Dévoiler le potentiel de la matière
Martine Bertrand
Martine Bertrand —
Chez Martine Bertrand, regarder revient à se relire depuis l’enfance. Non pas l’enfance décorative, mais une posture libre, souveraine, où la main fabrique un monde qui nous accueille — comme pour recadrer le réel. Ses œuvres procèdent d’une grammaire du texte tactile : fils, papiers, textiles, broderies, collages et empreintes composent des pages sans mots où l’on joue, rêve, danse — et où, quand l’artiste se met à distance, le bruit du monde paraît soudain ridicule, privé de son empire.

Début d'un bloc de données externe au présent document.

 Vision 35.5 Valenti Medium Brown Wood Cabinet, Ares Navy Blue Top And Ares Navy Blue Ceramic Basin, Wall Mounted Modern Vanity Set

Cette poésie a une histoire matérielle. Formée par des décennies de gestes liés au costume et au textile, Bertrand a transposé l’intelligence des étoffes dans une pratique visuelle qui tisse souvenir, matière, mouvement. La couture, ici, n’est pas une anecdote : c’est une syntaxe. Les points sont des virgules, les ourlets des marges, les plis des respirations. De là naît un récit sans narration, d’une lisibilité immédiate et d’une profondeur lente — l’art de tenir ensemble fragilité et tenue, jeu et justesse. (Parcours textile et costume, puis arts visuels ; expositions et pratiques mêlant broderie, collage, dessin/estampe).

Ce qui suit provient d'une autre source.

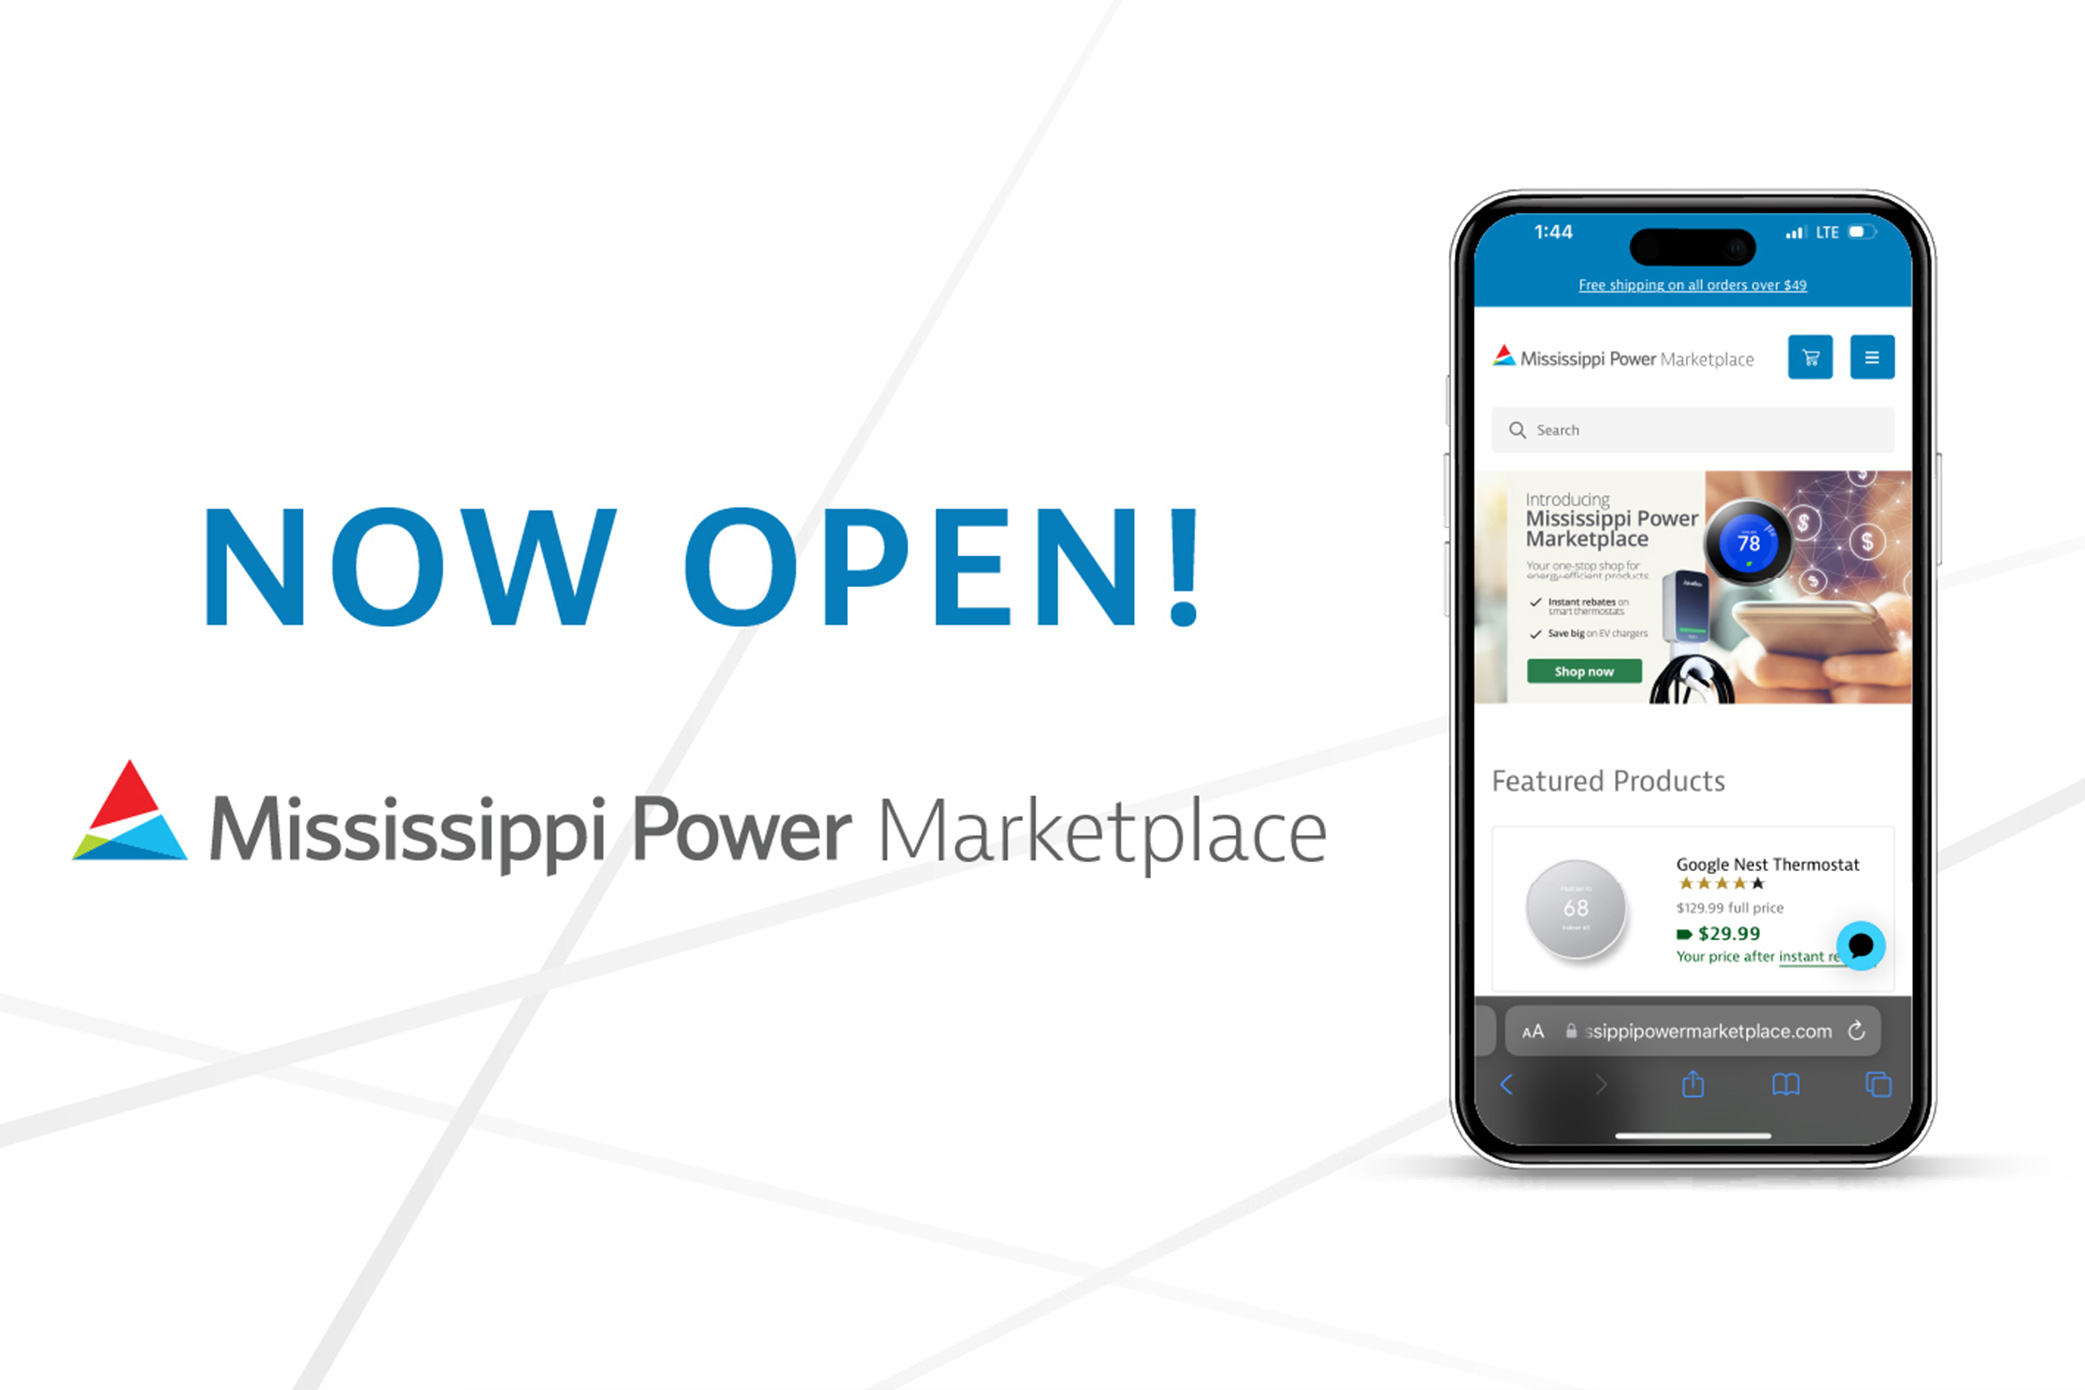 Image of Mississippi Power's Marketplace Landing Page on a Mobile Phone

On comprend alors la tonalité singulière de son œuvre : témoigner depuis l’enfance non pour s’y réfugier, mais pour déverrouiller le regard. Aux « histoires tirées par les fils », Bertrand oppose une éthique du fil : rien n’est décoratif, tout relie. La surface devient peau mémoire ; les matériaux, des voix ; les motifs, des indices — oiseaux, plumages, gestes domestiques réinventés — par lesquels la vie ordinaire trouve sa forme juste. Cette fidélité au vivant n’empêche pas la porosité aux autres arts (scène, cinéma), où l’artiste met la matière au service d’une présence qui ne se prouve pas, elle a lieu. (Parcours d’expositions récentes ; ancrage textile ; collaborations scéniques et de cinéma).
Ce que ses œuvres donnent, au fond, c’est un droit : le droit de regarder comme un enfant — non pas naïf, mais intègre. Ce droit implique une responsabilité : garder la main légère et exacte, afin que l’image reste habitable. Chez Bertrand, l’art n’apaise pas en lissant ; il dégage un espace où le réel se décante. Alors, oui, le vacarme s’éloigne ; demeurent l’aisance, la netteté, et cette joie intranquille qui nous remet en mouvement.